GIVEN DATA:
____________________

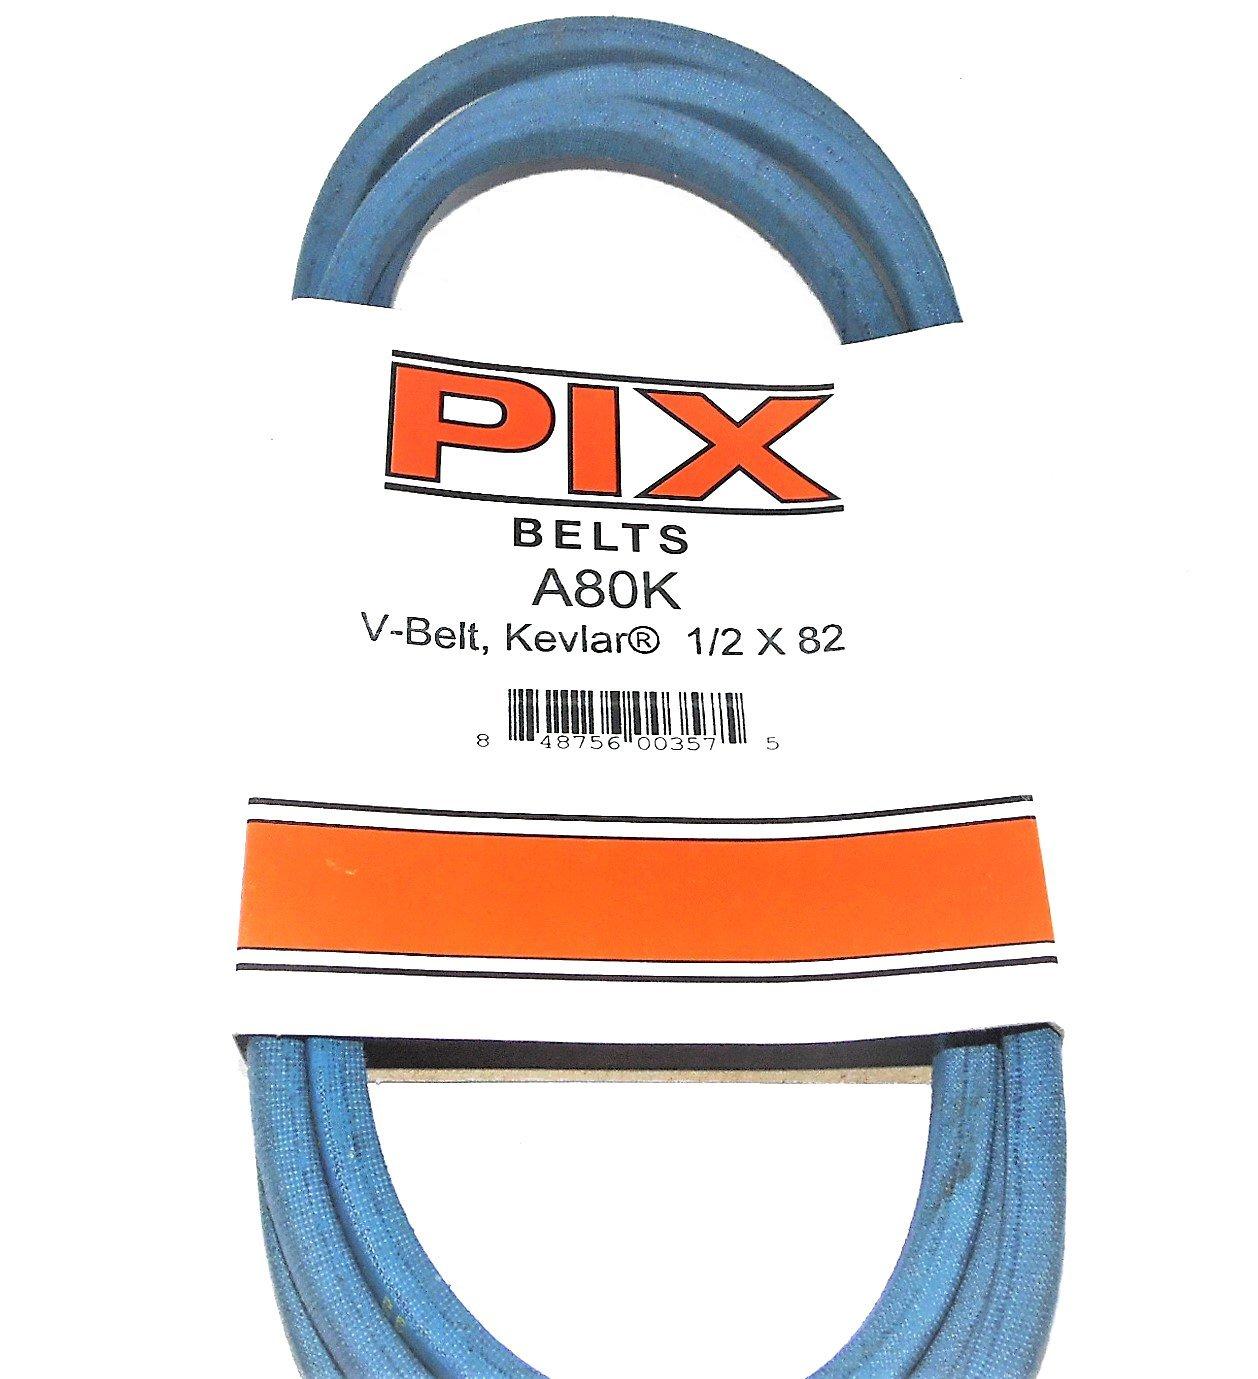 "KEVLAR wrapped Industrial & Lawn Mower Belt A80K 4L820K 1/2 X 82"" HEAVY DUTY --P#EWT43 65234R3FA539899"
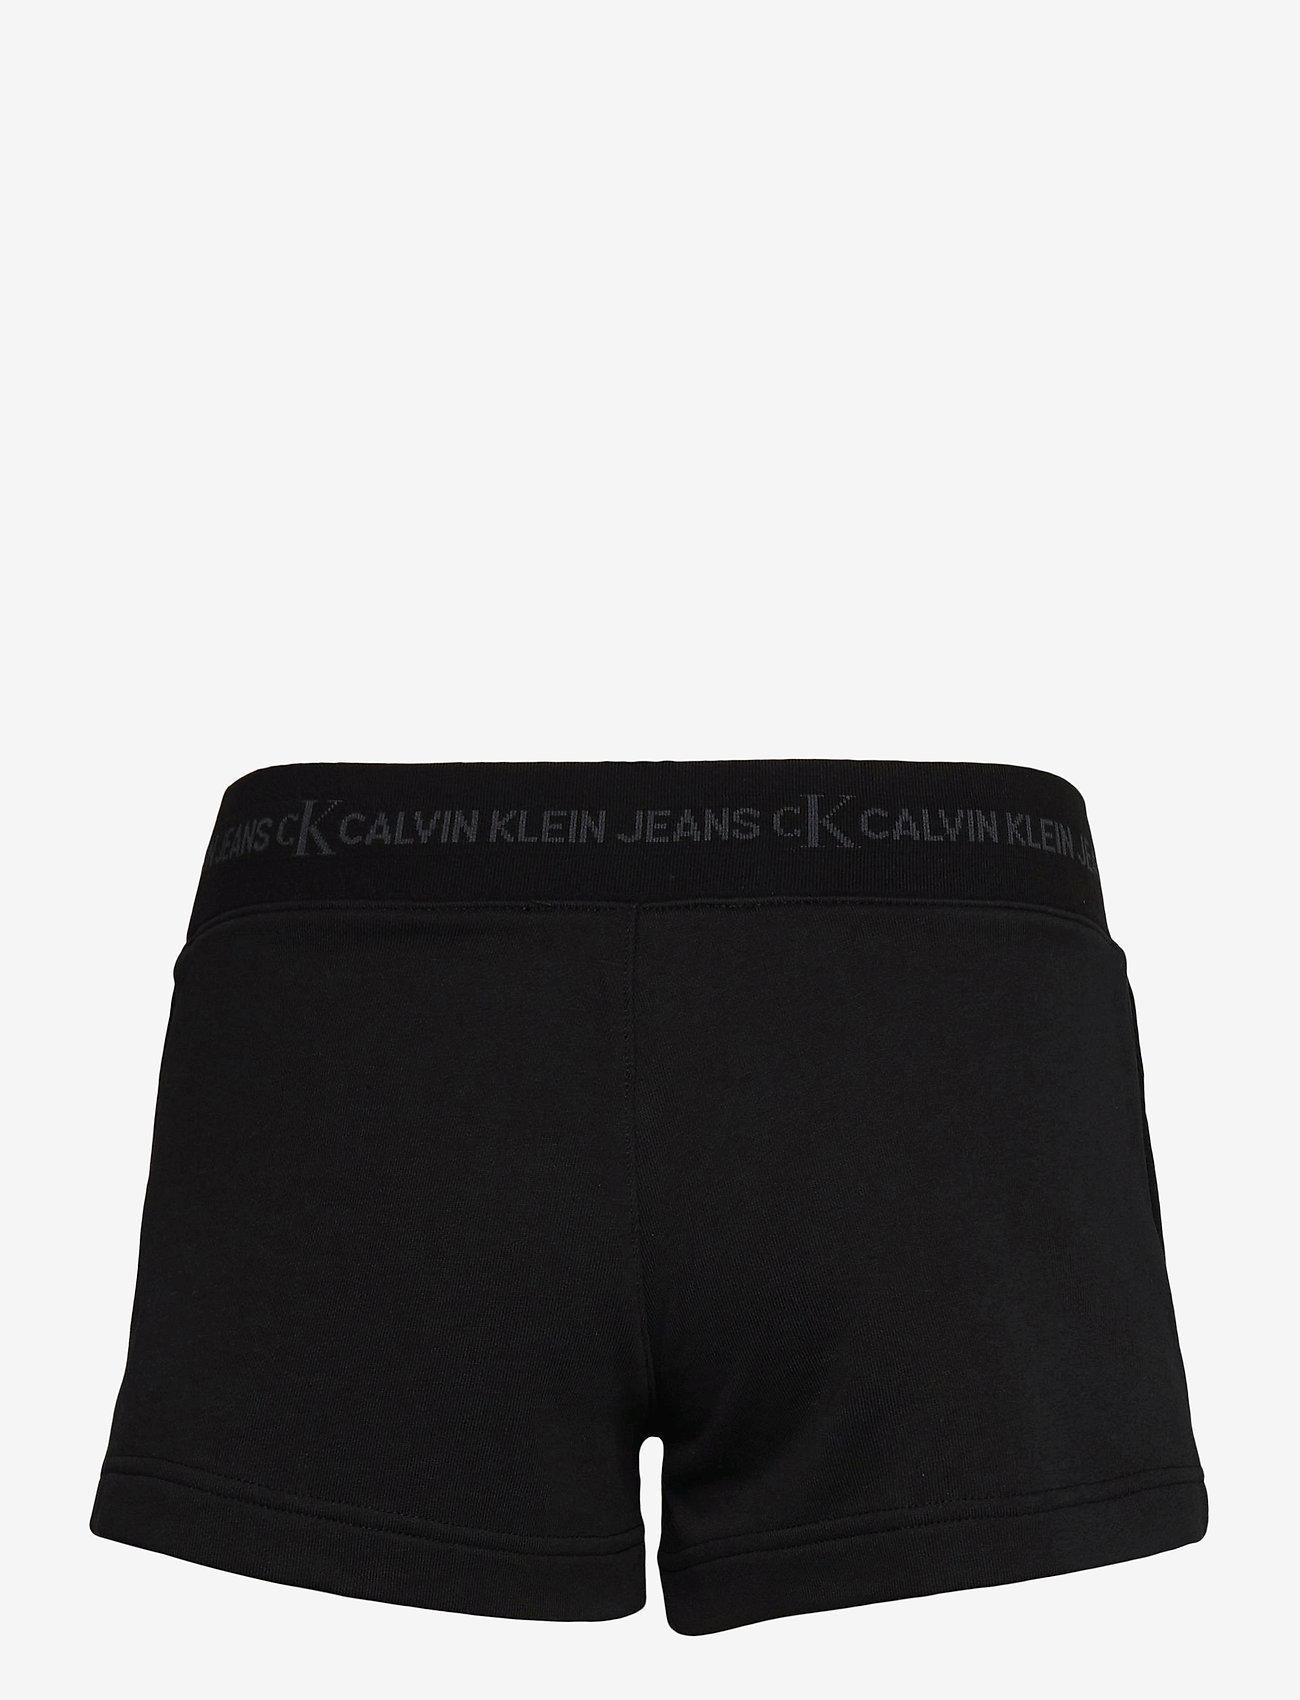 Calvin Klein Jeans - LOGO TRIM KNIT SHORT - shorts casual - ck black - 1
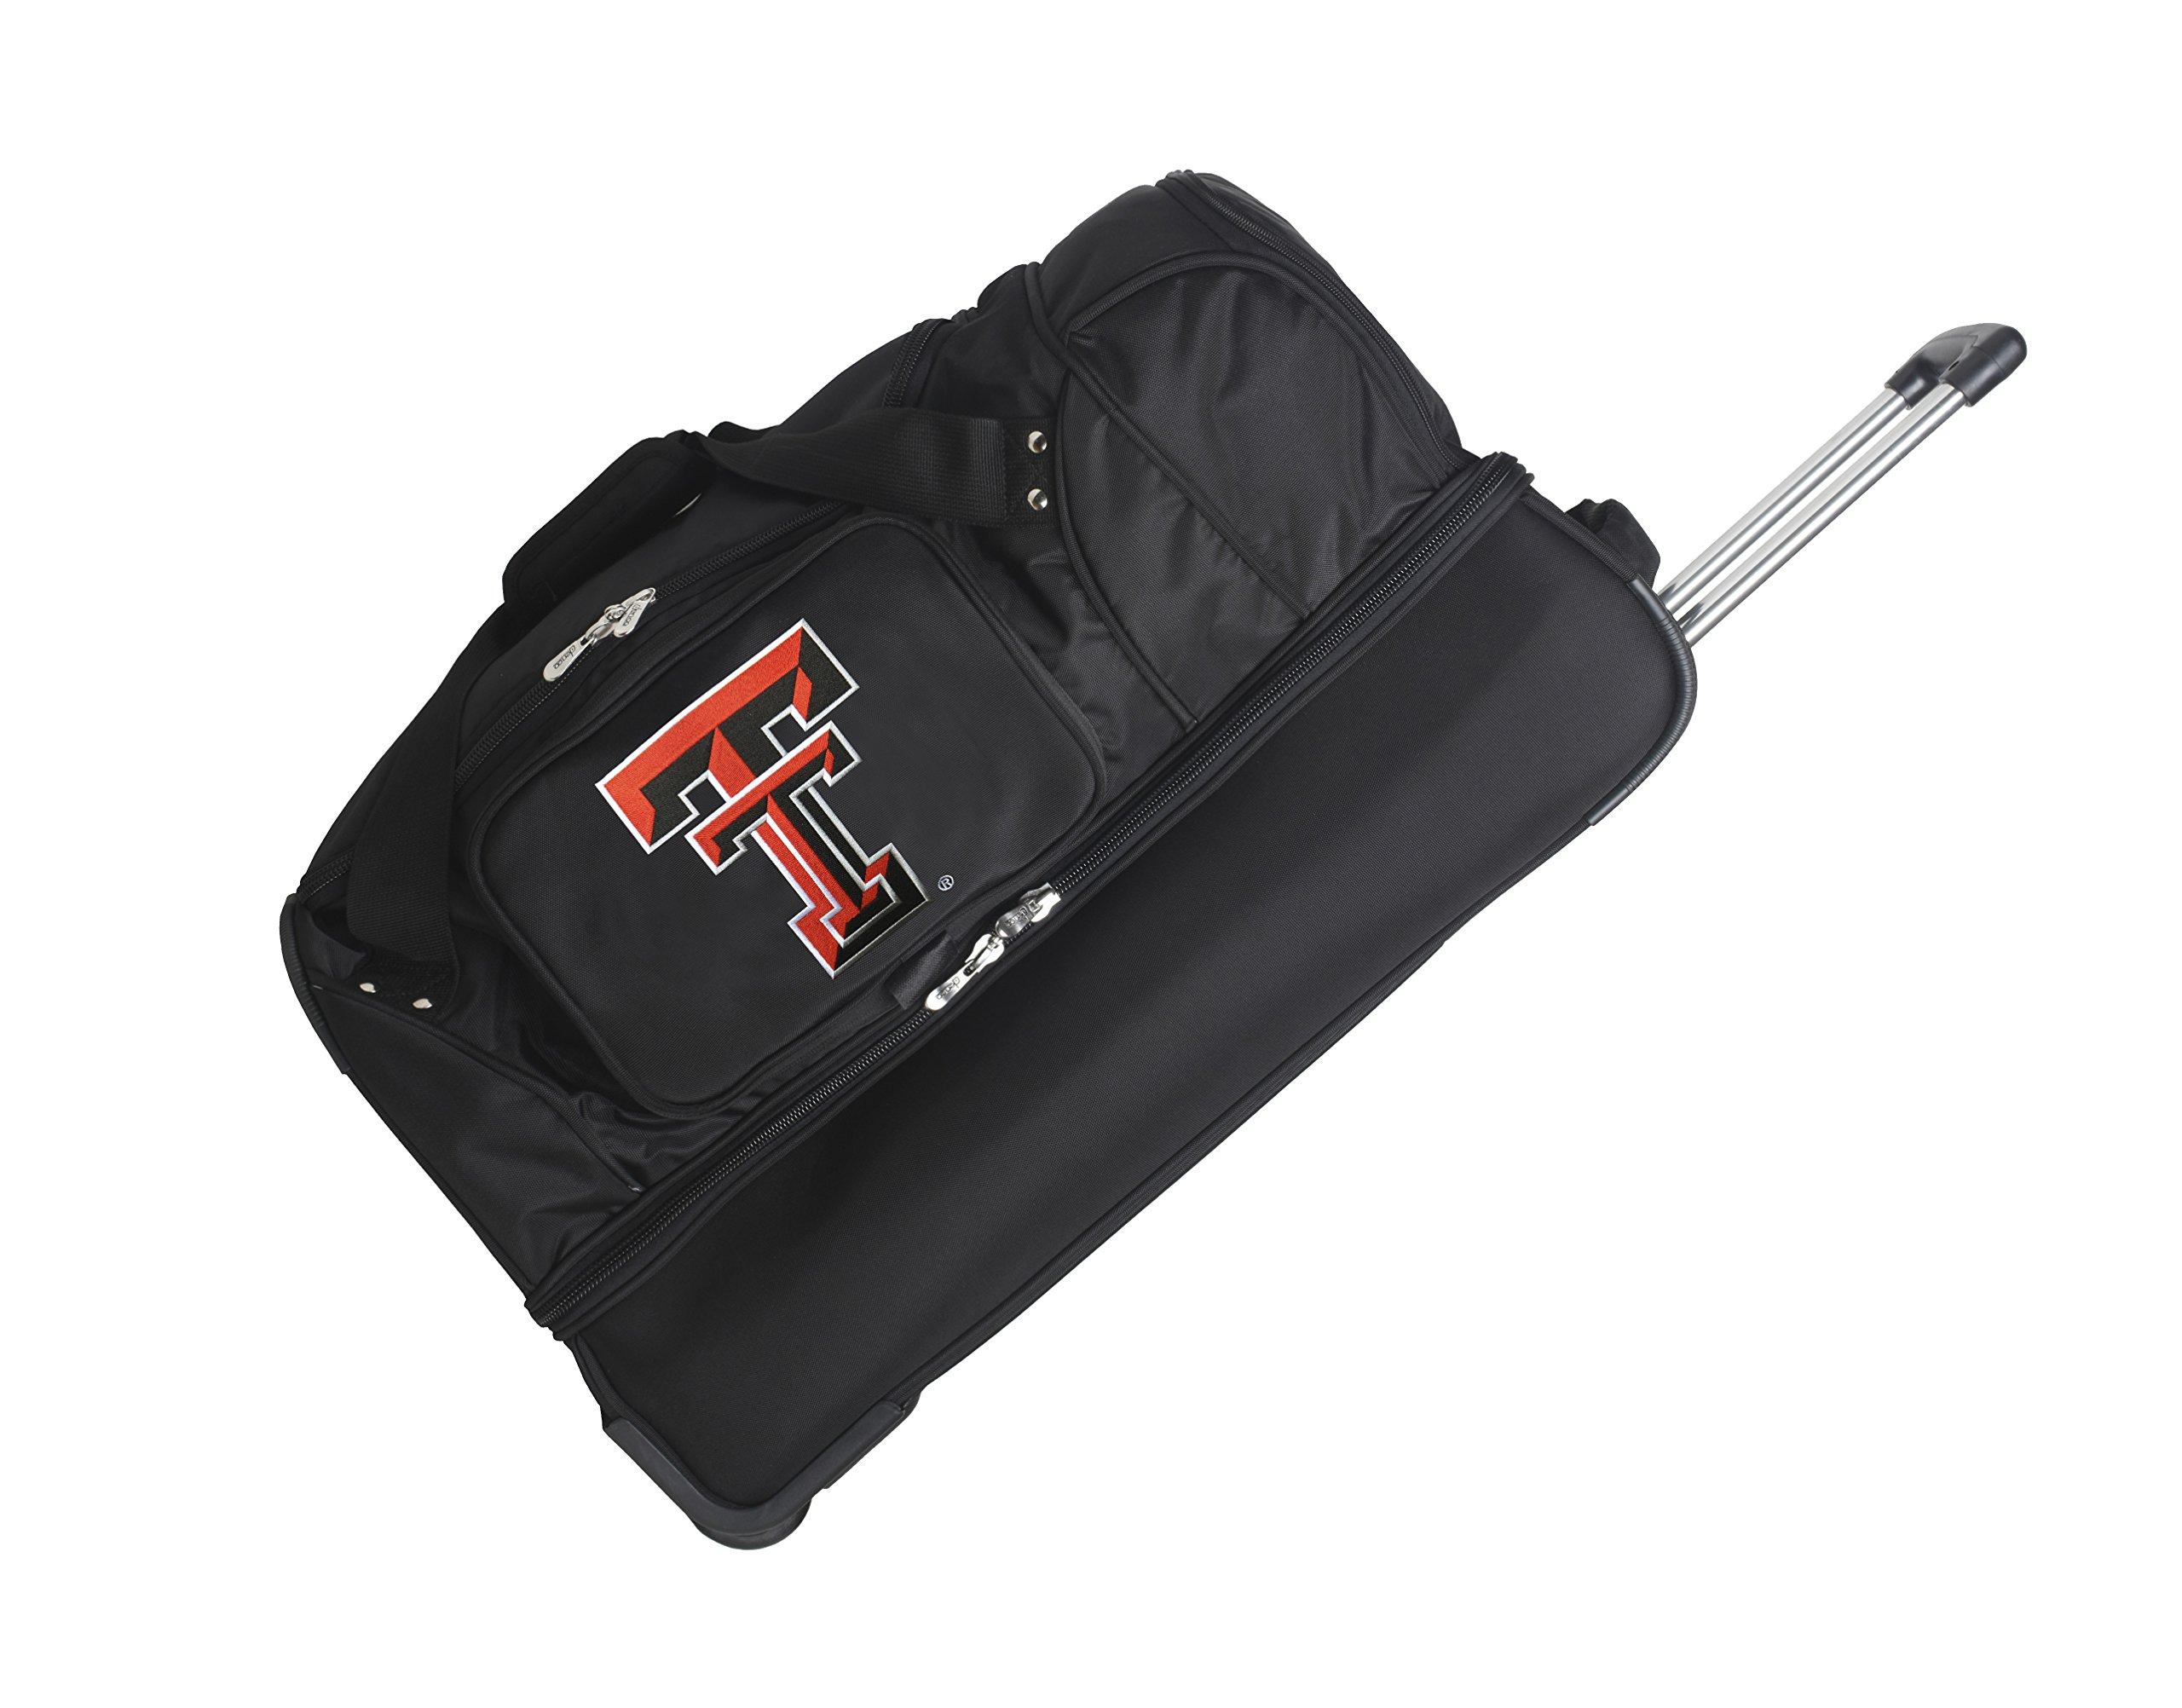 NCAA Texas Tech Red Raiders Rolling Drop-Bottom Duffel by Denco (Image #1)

____________________

YOUR TASK: Working from the line that contains "Calvin Klein Jeans" to the last line of the listing, please quote each line exactly, pictures excluded.

RESPONSE BOX:
 Calvin Klein Jeans - LOGO TRIM KNIT SHORT - shorts casual - ck black - 1
 NCAA Texas Tech Red Raiders Rolling Drop-Bottom Duffel by Denco (Image #1)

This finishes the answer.